• **The task**:
What you write must be the listing below in full, word for word, minus its pictures.

• **Data section**:

◆ ◆ ◆ ◆

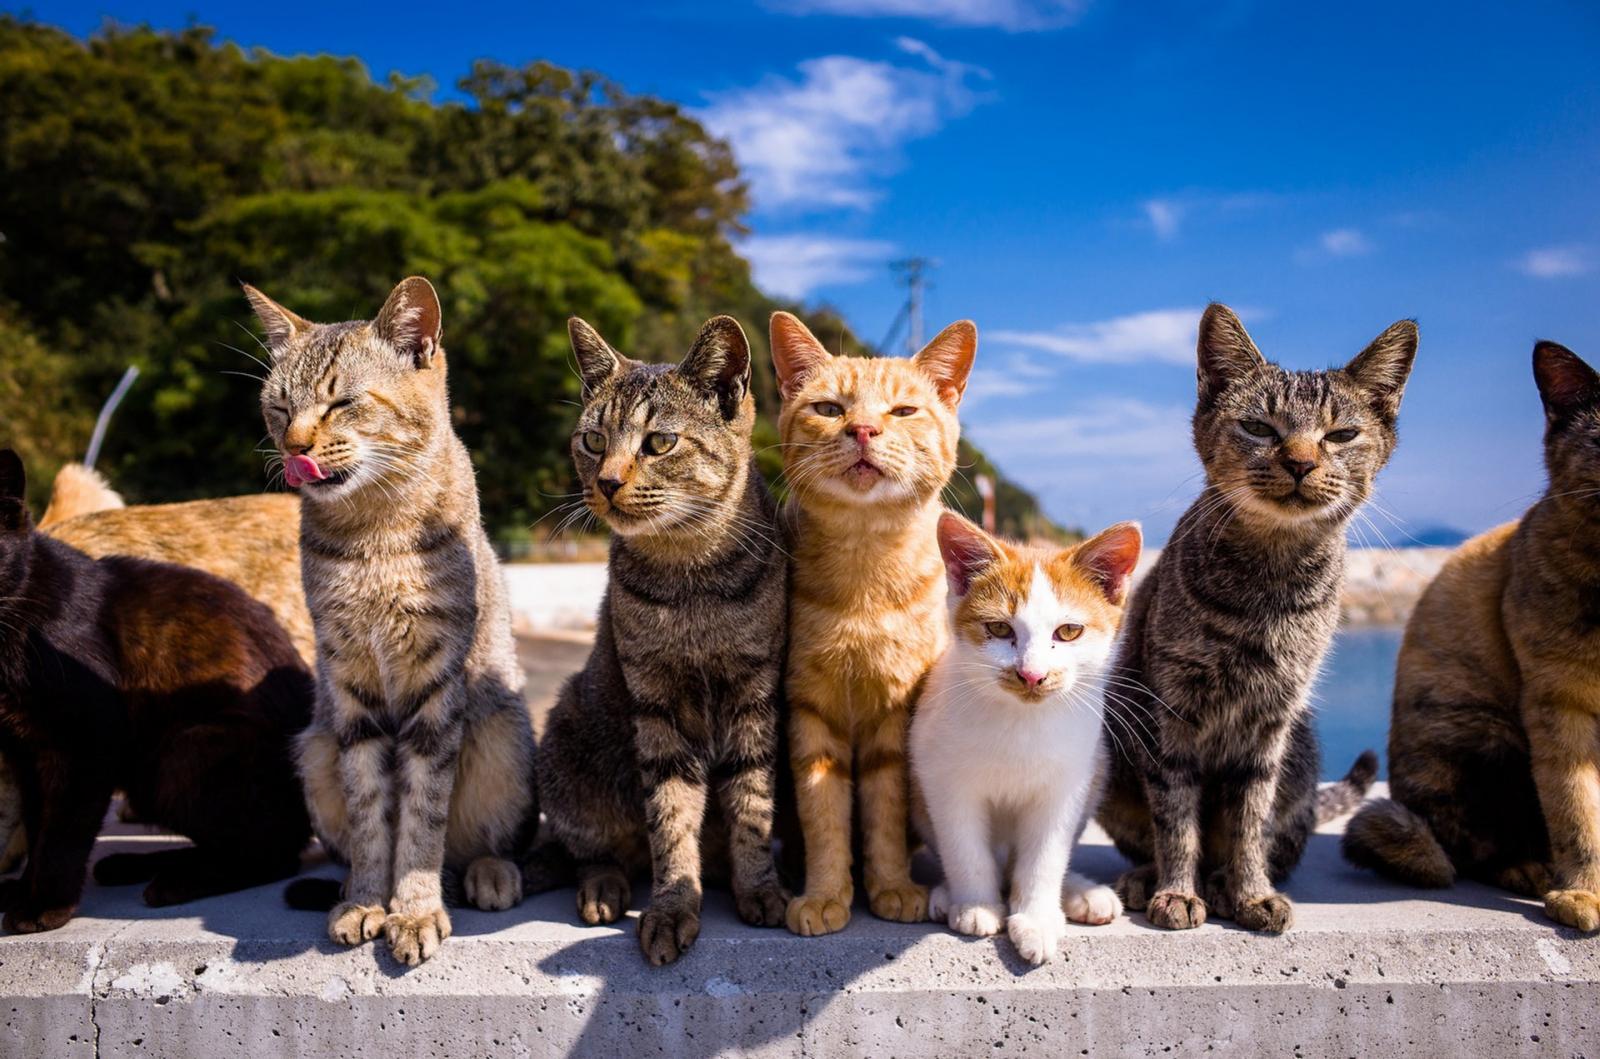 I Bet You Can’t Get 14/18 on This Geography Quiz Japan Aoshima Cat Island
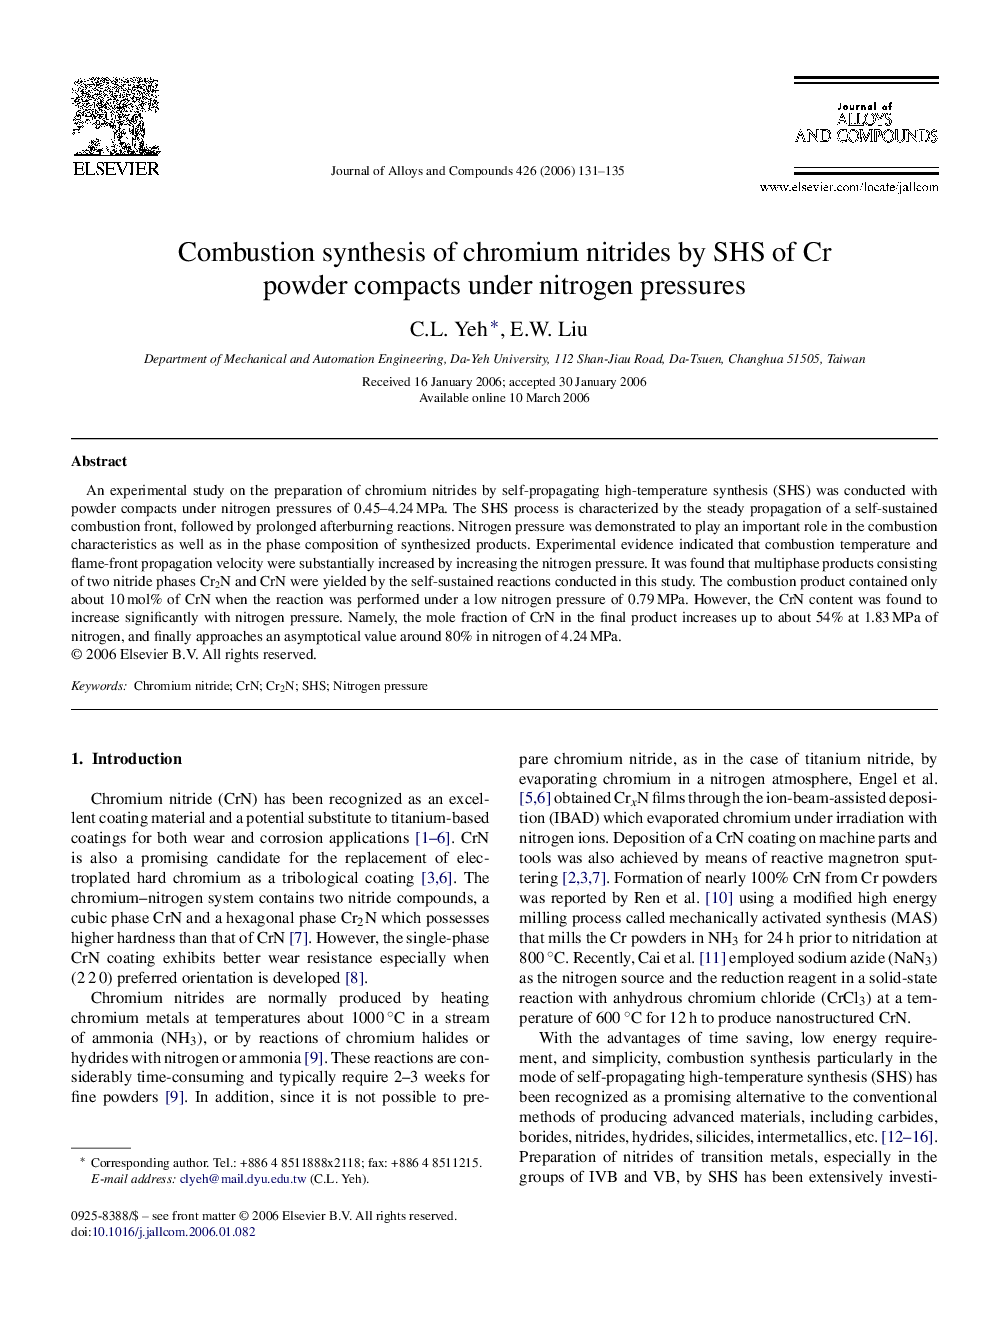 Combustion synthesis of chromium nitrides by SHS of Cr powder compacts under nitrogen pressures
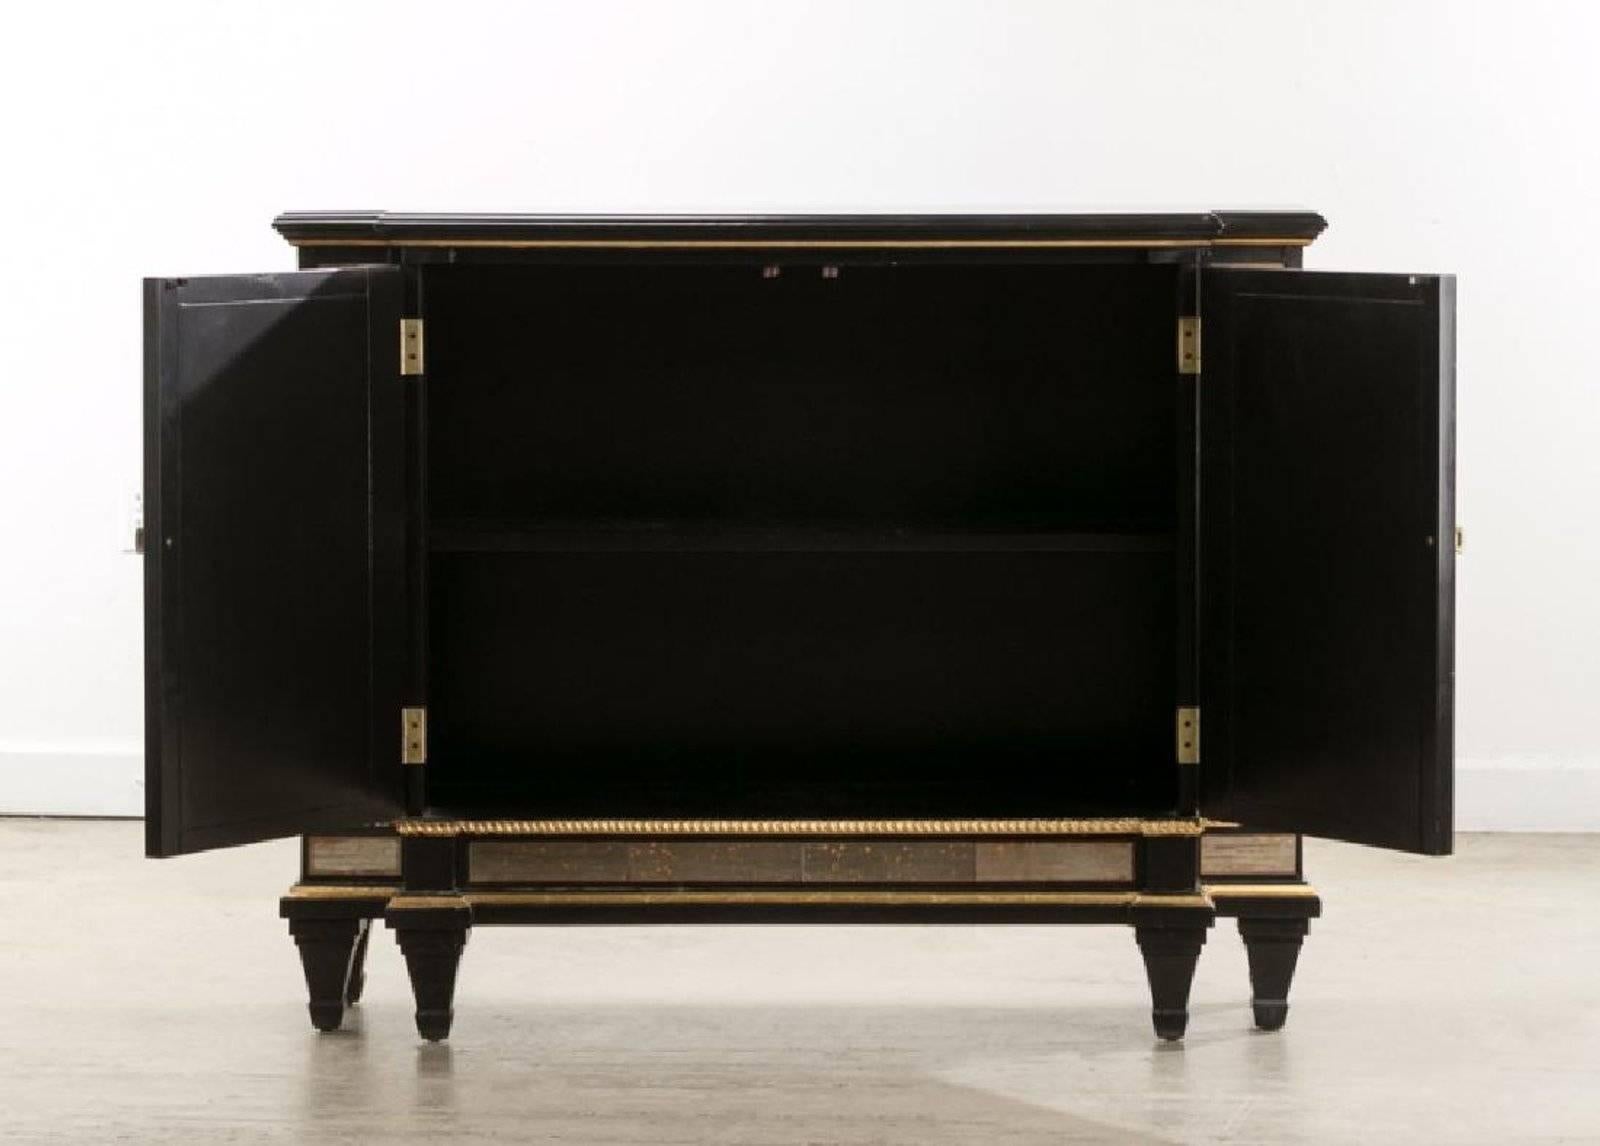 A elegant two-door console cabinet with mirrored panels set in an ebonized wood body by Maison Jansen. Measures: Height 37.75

◆ ◆ ◆ ◆

• **Task response**:
 I Bet You Can’t Get 14/18 on This Geography Quiz Japan Aoshima Cat Island
 Combustion synthesis of chromium nitrides by SHS of Cr powder compacts under nitrogen pressures
 A elegant two-door console cabinet with mirrored panels set in an ebonized wood body by Maison Jansen. Measures: Height 37.75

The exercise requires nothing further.